Un aspetto cruciale per garantire una base omogenea di servizi sanitari in tutto il territorio nazionale riguarda i Livelli Essenziali di Prestazioni (LEP) e i Livelli Essenziali di Assistenza (LEA). Il Ddl prevede che le materie per le quali sono necessari i LEP non possano essere trasferite dallo Stato alle Regioni prima della loro definizione, proprio per garantire un livello minimo di prestazioni in tutto il paese. Tuttavia, recentemente il Comitato per l’individuazione dei LEP ha suggerito una scorciatoia per la sanità, affermando che i LEA già esistenti possono sostituire i LEP. Questa situazione ha portato a notevoli diseguaglianze tra Nord e Sud, con i LEA spesso non esigibili in maniera uniforme su tutto il territorio.
Le pagelle del Ministero della Salute relative al 2021 hanno disegnato un quadro impietoso della situazione sanitaria nel paese, con solamente 14 regioni promosse e l’Emilia-Romagna in testa. Al Sud, solo Abruzzo, Basilicata e Puglia hanno raggiunto la sufficienza. Questo divario Nord-Sud nel settore della sanità sembra ormai difficilmente colmabile, e il rischio è che il Ddl Calderoli sull’autonomia differenziata possa cristallizzare ulteriormente una situazione penosa per i cittadini.
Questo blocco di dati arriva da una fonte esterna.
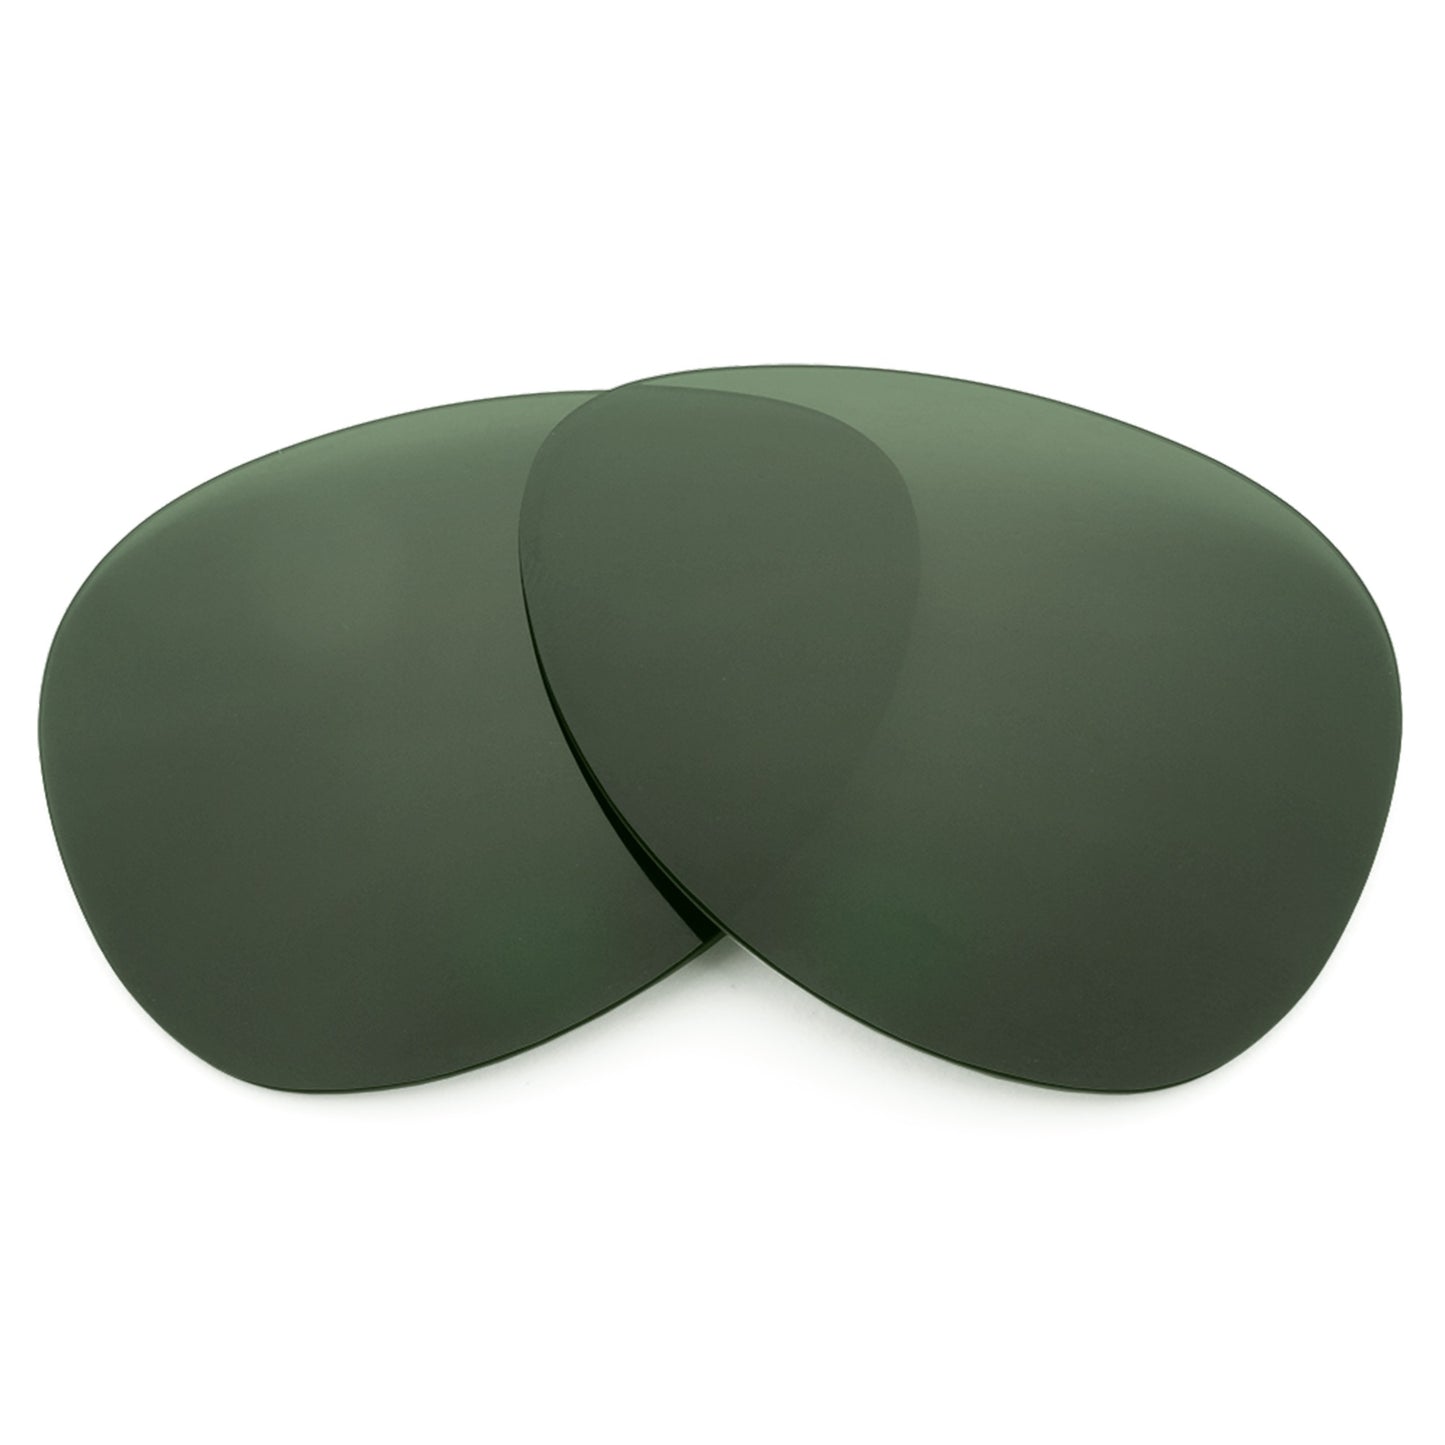 Revant replacement lenses for Ray-Ban New Aviator RB3625 55mm Non-Polarized Gray Green
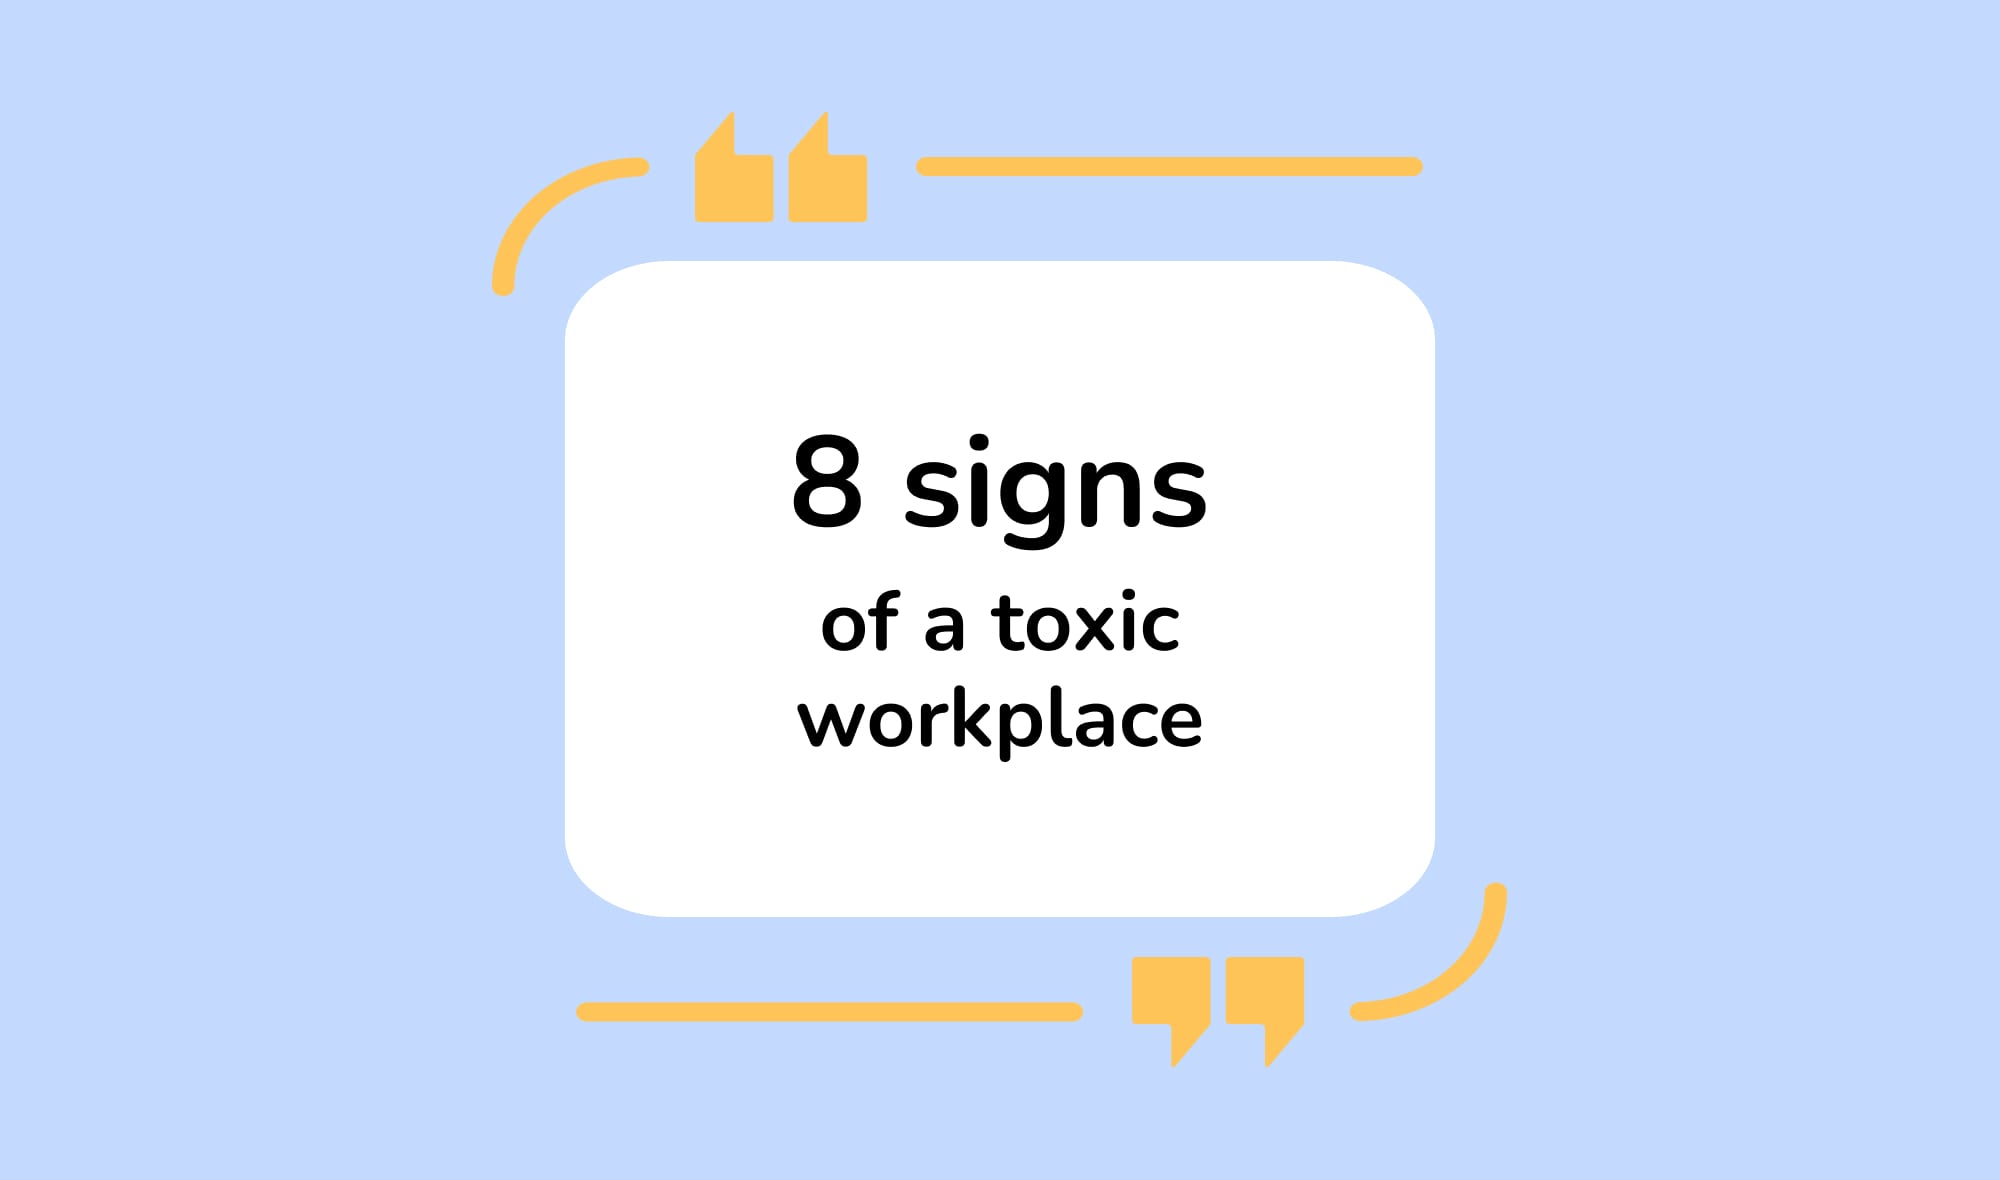 8 signs of a toxic workplace

Il divario tra Nord e Sud aumenterebbe inevitabilmente se venissero assegnate maggiori autonomie alle regioni più ricche del Nord. Di fronte a questa prospettiva, la Fondazione Gimbe ha richiesto in Commissione Affari Costituzionali del Senato di escludere la sanità dalle materie su cui le Regioni possono richiedere maggiori autonomie, per evitare di ampliare ulteriormente le disuguaglianze.
Il “Monitoraggio dei LEA attraverso il Nuovo Sistema di Garanzia” da parte del Ministero della Salute ha rivelato che, rispetto al 2020, nel 2021 sono salite a 14 le regioni adempienti. Tra queste, troviamo Abruzzo, Basilicata, Emilia-Romagna, Friuli Venezia Giulia, Lazio, Liguria, Lombardia, Marche, Provincia Autonoma di Trento, Piemonte, Puglia, Toscana, Umbria e Veneto. Tuttavia, 7 regioni sono rimaste inadempienti, tra cui Campania, Molise, Provincia Autonoma di Bolzano e Sicilia con un punteggio insufficiente in una sola area; la Sardegna con un punteggio insufficiente in due aree; e Calabria e Valle D’Aosta insufficienti in tutte e tre le aree.
La Fondazione Gimbe ha analizzato anche le differenze tra gli adempimenti del 2020 e quelli del 2021, rilevando un netto miglioramento nell’area della prevenzione e nell’area ospedaliera, mentre l’area distrettuale ha mostrato un lieve peggioramento. Tuttavia, la Sardegna, insieme alla Valle d’Aosta, ha peggiorato le proprie performance, evidenziando le sfide che la regione sta affrontando nell’erogazione dei servizi sanitari.
Infine, va considerato che la situazione del 2020 è stata fortemente influenzata dalla pandemia, la quale ha rappresentato una sfida senza precedenti per tutto il sistema sanitario italiano, inclusa la Sardegna. Tuttavia, è fondamentale adottare misure mirate per migliorare l’erogazione dei servizi nelle aree distrettuali e ospedaliere, oltre a promuovere la raccolta completa e tempestiva dei dati per valutare accuratamente il livello di presa in carico dei pazienti e affrontare in modo efficace le sfide nella sanità regionale. Solo con uno sforzo coordinato e continuo, sarà possibile ridurre il divario Nord-Sud e migliorare il sistema sanitario per tutti i cittadini sardi.